The so-called "journalist" gets riding in Việt Nam as wrong as anyone I've ever read...
"Getting through Vietnamese customs with all of our gear was our first step."
There is no VN Customs for airline passengers unless you're bringing it over US$5000 cash, and even then, they don't check. Ask me how I know. There is only Immigration where they check your visa and stamp you in. After picking up your "gear" at baggage claim, you head toward the exit. Immediately prior to exiting, you put your stuff on a conveyor belt that runs it through an x-ray machine—just like security theater in the U.S. except that you are on your way out of the airport and it's an older, larger machine.

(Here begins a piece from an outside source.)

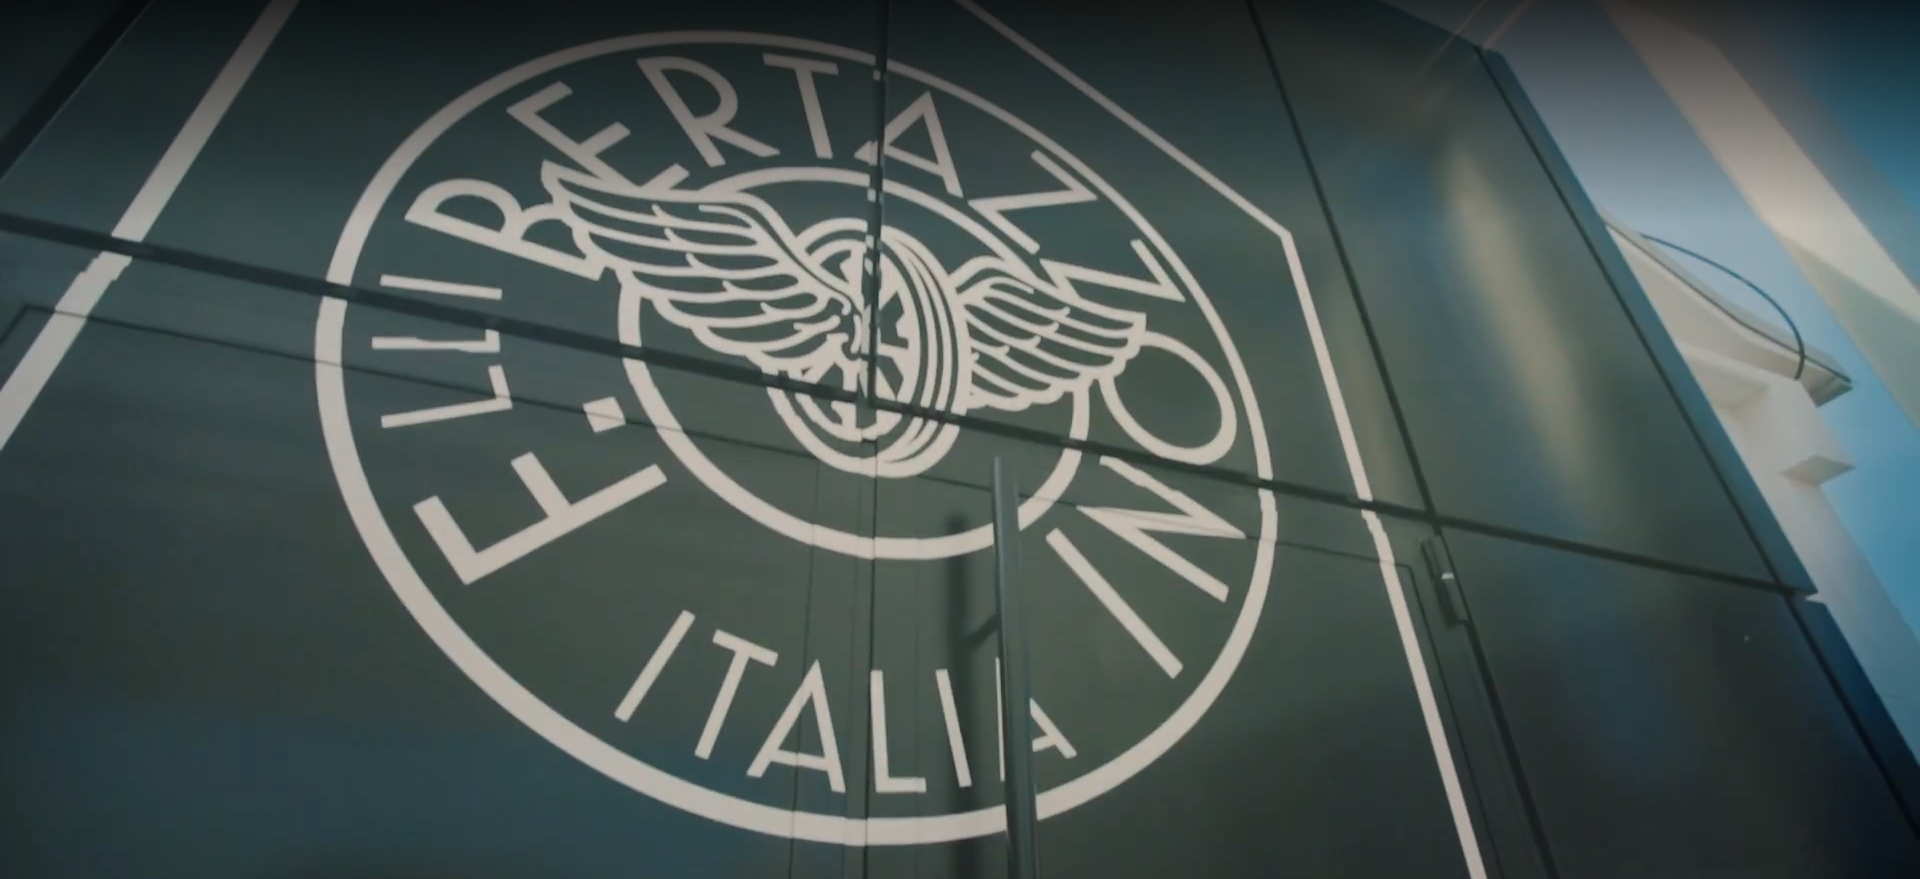 Banner Marca - Bertazzoni

Your stuff comes out the other side and you take it on your way—unless the operator sees something interesting. Zero questions, and zero paperwork. If you left the weapons and contraband at home, you're on your merry way, khong sao (no problem). That's NOT customs.
Then he whines for two paragraphs about how tired he is. Next time, get your client to spring for Business Class—they're already wasting their money on you, what's another $5000? Or you could halve your posse with no apparent deleterious effect and that would more than pay for the upgrade.
"We have no idea where we are going, or how to get there. We have no working cell phones, no local money."
You don't even know the name of your hotel? Is this your first time traveling internationally? There are places to change money and get a phone card before you leave the terminal. I'm thinking we're supposed to feel sorry for this tired, hungry, confused, and apparently clueless person who's about to do what tens of thousands dream of... get paid to ride a Ducati... AND he gets to do it in beautiful Việt Nam!
"With the support of Ducati Vietnam, we’re about to travel the entire country by motorcycle." Why? Ducati motorcycles are mentioned in a context that would help a potential purchaser exactly 2 more times in the article.
"Meanwhile, what seems like Ho Chi Minh City’s entire 12 million citizens race by." According to what I found on-line, there are about 8 million people in the city... an error of only 50%. If you include everyone within 20 kilometers, you might hit 10 million. A minor point, maybe; I'm just showing how inaccurate this guy is.
Next, the most egregious line of the whole article: “There is only one rule about riding in Vietnam," we are told. "There are no rules.”
Rules are regulations (I just looked it up to be sure). There are a LOT of rules to riding in Vietnam, including rules that everyone six years and older must wear a helmet, rules that you must stop at a red light, and rules against texting while riding and riding drunk. As with all rules, these are broken by people every day.
|Looking at the phone while riding with an UNHELMETED CHILD on-board???|
I don't care if you kill yourself, but what about the kid (or other motorbikers)?
Many rules, like stopping at red lights and waiting until the light is green AND the intersection is clear before entering into it or looking for on-coming traffic before turning out of a side street or driveway, are ignored so frequently that they may as well not exist. But they do exist.
What he should have been told is that most people here ride their motorbikes so that it looks, to a Westerner, AS IF there are no rules. It is NOT anarchy, it is controlled chaos.
I know many native Vietnamese who live and ride every day in Đà Lạt and who shudder at the thought of riding in Saigon. "It's too crazy!" is frequently heard. Yes, it's crazy and chaotic and sometimes scary. It's also exhilarating!
Just ride as if you were invisible and you'll be fine... maybe.
NOT INVINCIBLE, invisible...
A bit further along, he writes, "There are no speed limits."
WRONG! The speed limit is 40 kph within city limits unless posted otherwise. Outside the city, the limit for motorbikes is 80 kph unless posted otherwise.
"There are no cars."
WRONG! About 5% of the private vehicles are cars and there are taxis EVERYWHERE in the cities. If you aren't seeing cars, then you shouldn't be riding 'cause you're NOT watching the road.
"There are no rules."
WRONG! Already covered.
The author and five others were given Ducati motorcycles to ride: "With the support of Ducati Vietnam, we’re about to travel the entire country by motorcycle." The on-line article is on the web site of a company that caters pretty much exclusively to motorcycle riders, a great many of whom travel internationally and have enough disposable income to buy a Ducati motorcycle. Why Ducati supported them is never apparent. I hope it wasn't for the usual reason—so that he would write about how great the Ducati line is. If that's the case, he still owes them an article.